It also helps if you know some history. Basic stuff, like who was the aggressor in the last war? and do you really want to hand him a complete do-over?
Otherwise, you hand out passes for mass murder and attempted genocide to one set of bad actors, while screaming outrage about moderate self-defense measures in another case. Now, that does make a mockery of justice.
Mitch "they absolutely do not see the UN as an honest broker"
Israel has even had the U.S. veto sending in UN peace keeping witnesses to the conflict. No agenda there
That is except when the UN voted for the creation of Israel. After Israel got what they manipulated that was it for the UN. In defiance since then.

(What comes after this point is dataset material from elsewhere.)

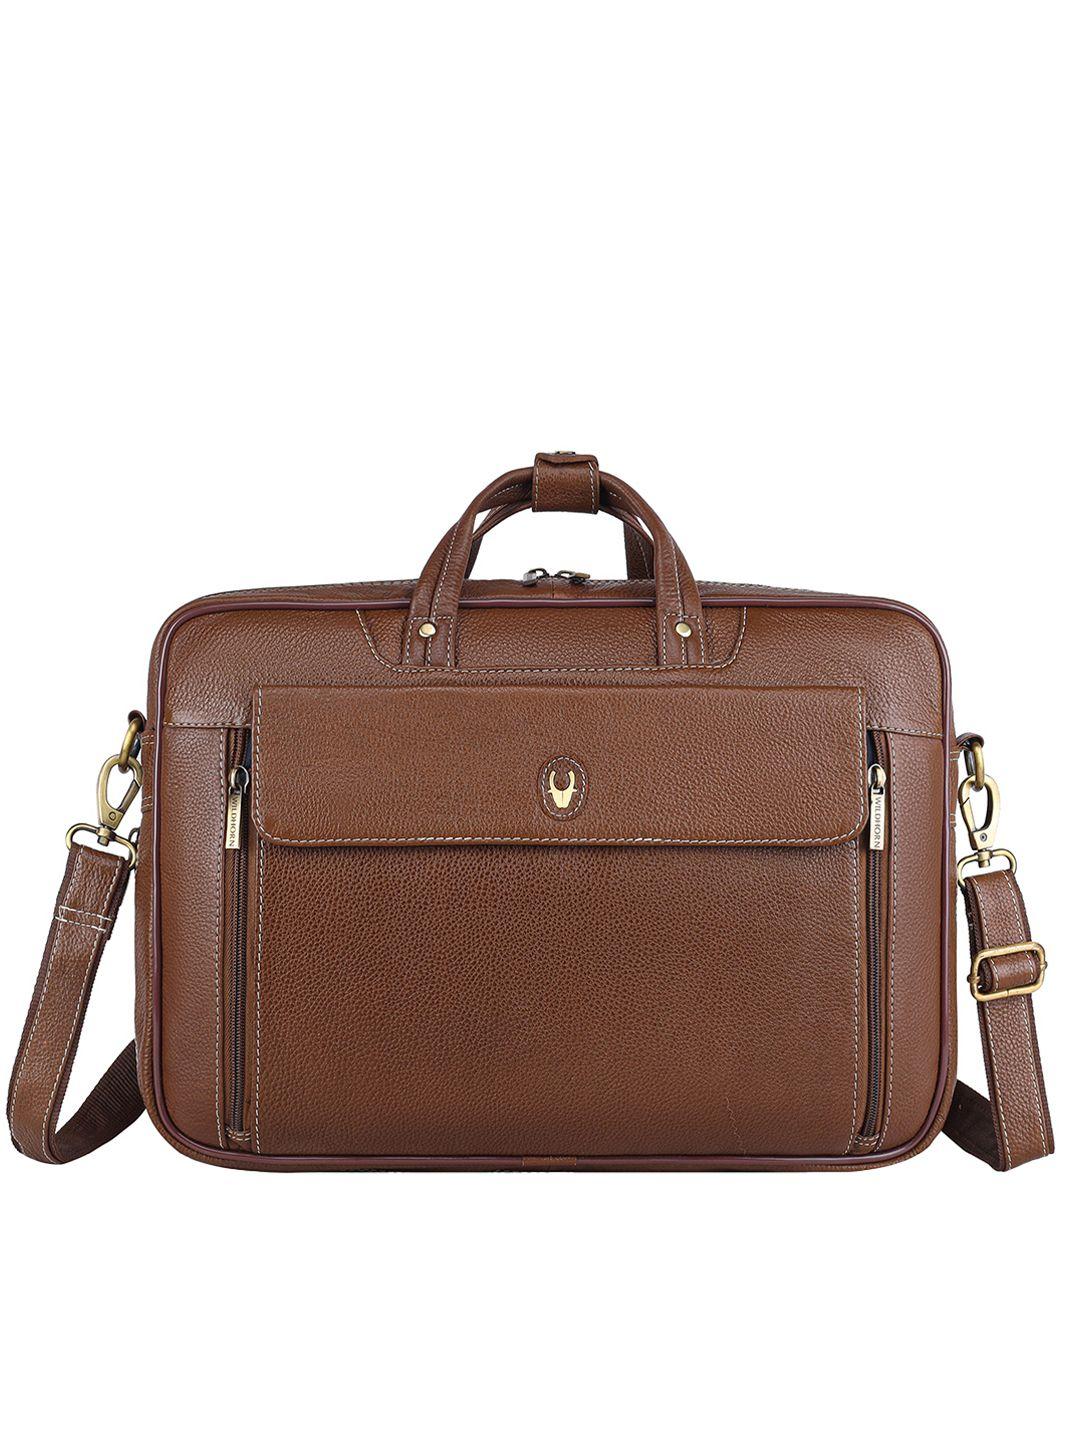 wildhorn men brown & green detachable sling bag leather laptop bag

And good for you Steve for signing. A bit of that too little too late but who knows how it may help
Not much action at Huffington Post having to do with this letter
http://www.huffingtonpost.com/steve-clemons/pickering-hills-sullivan_b_810822.html
http://www.liquida.com/focus/2011/01/19/united-nations-israel-iran-iraq/
Israeli diplomats boycott U.N. Security Council to protest Tel Aviv's treatment of its diplomats
Israeli diplomats boycott U.N. Security Council to protest Tel Aviv's treatment of its diplomats
Just as the Palestinians U.N. ambassador, Ryad Mansour, has begun pressing his colleagues at the U.N. to adopt a resolution criticizing Israel’s construction of settlements, Israel’s U.N. diplomats have decided to go on strike. The Israeli mission to the U.N. announced this morning that they would not attend a scheduled Security Council meeting today on the Middle
Mitch S, nothing the US tries, or more accurately does not try, influences Israeli decision making in a constructive [for peace] way. You now seem to be suggesting that the US simply jettison the UN, or working with the UN, because Israel doesn't like it or trust it.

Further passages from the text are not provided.